Hard Revolution
- First edition cover
- Author: George Pelecanos
- Language: English
- Genre: Crime novel
- Set in: Washington, DC
- Published: 2003 by Little, Brown and Company
- Publication place: United States
- Media type: Print
- Pages: 376 pp
- ISBN: 978-0-3166-0897-8
- OCLC: 52341528
- Dewey Decimal: 813.54
- LC Class: PS3566.E354

= Hard Revolution =

2003 novel by George Pelecanos

Hard Revolution is a crime novel written by George Pelecanos and set in Washington, DC.

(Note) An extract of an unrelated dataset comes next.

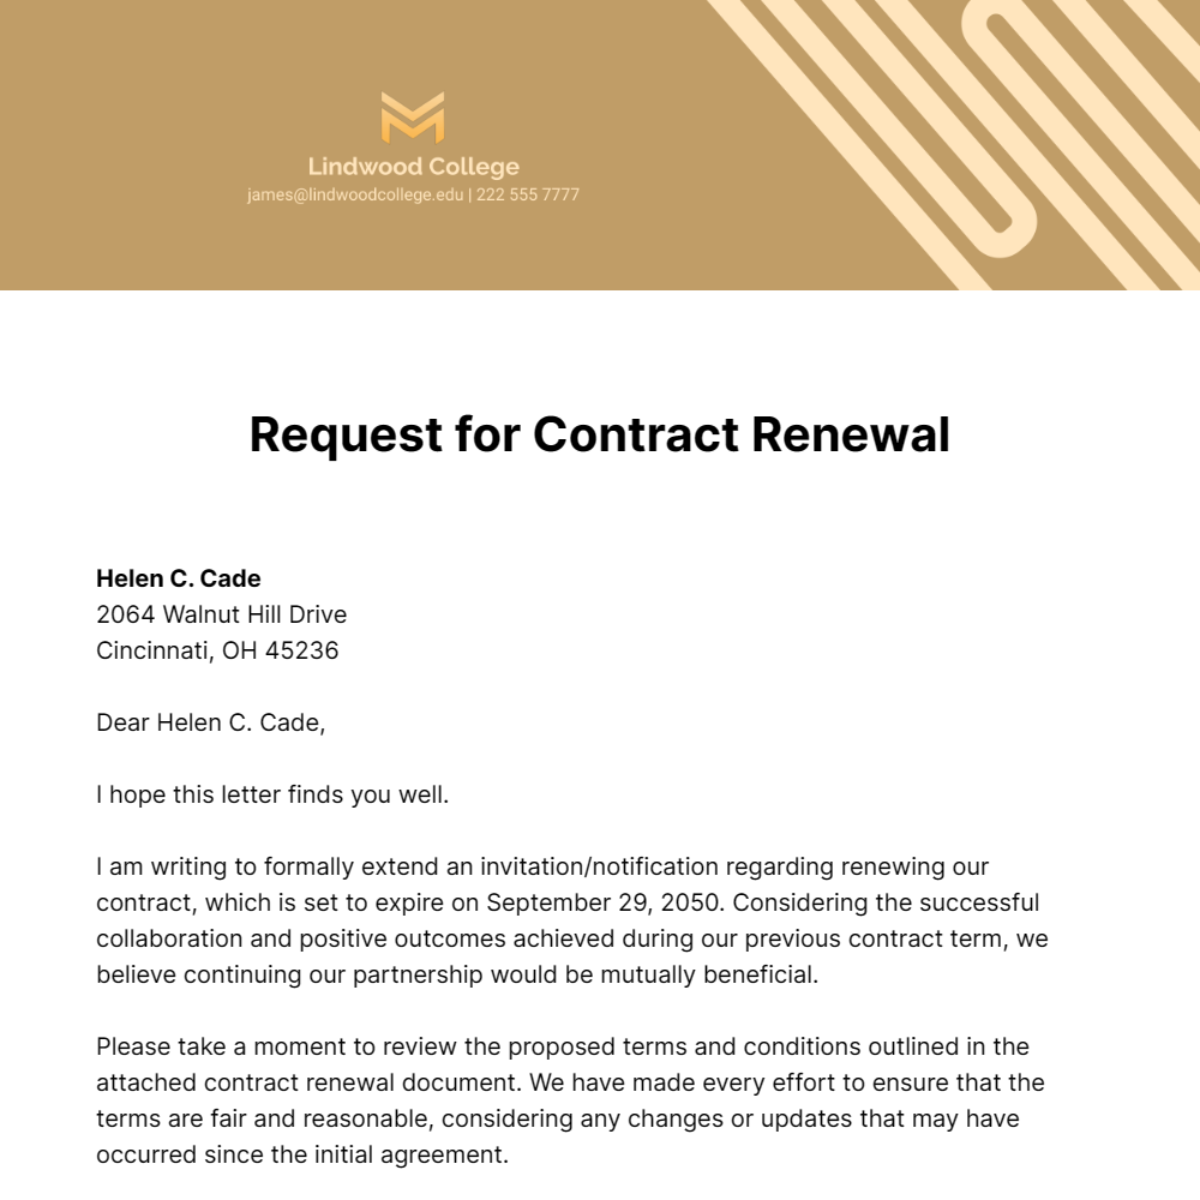 Request for Contract Renewal Letter  Template

The main character of the book is Derek Strange, a black rookie police officer. The story is a prequel to other novels featuring Strange as a private detective. The book begins in 1959 when Strange is a child, setting the stage for the moral paths that the characters take as Pelecanos shows their evolution. The story then jumps to 1968 just after Strange joins the police force.

As in all of Pelecanos’ books, Washington, DC is a character throughout the book, featuring major local landmarks, personalities and music. Another major theme in the book is race and racial tension. Throughout the book, Strange fought through the pressure of work and of peer for acceptance of his community. The book climaxes with the assassination of Martin Luther King Jr. and the ensuing April 1968 Washington, D.C., riots, as Strange and veteran Detective Frank Vaughn search for the killer of Strange’s brother in the chaos.

==Critical reception==
A review in BookReport.com stated "Pelecanos's Washington, D.C. is not that of the edifices and facades of government; rather, he walks the streets that aren't mentioned in any guidebooks."

Booklist Oneline wrote: "As Strange, a proud black man and a good cop, is forced to work riot control in his own neighborhood, all of the unresolvable conflicts--personal, racial, historical, political--that have roiled in the background of this novel are ignited in front of our eyes."

Library Journal wrote: "Pelecanos sets both cases against the backdrop of racial unrest in Washington, D.C., brilliantly using his characters and their situations to examine the era's social realities. As with the previous Strange works, this is a superior crime novel from one of the genre's outstanding writers."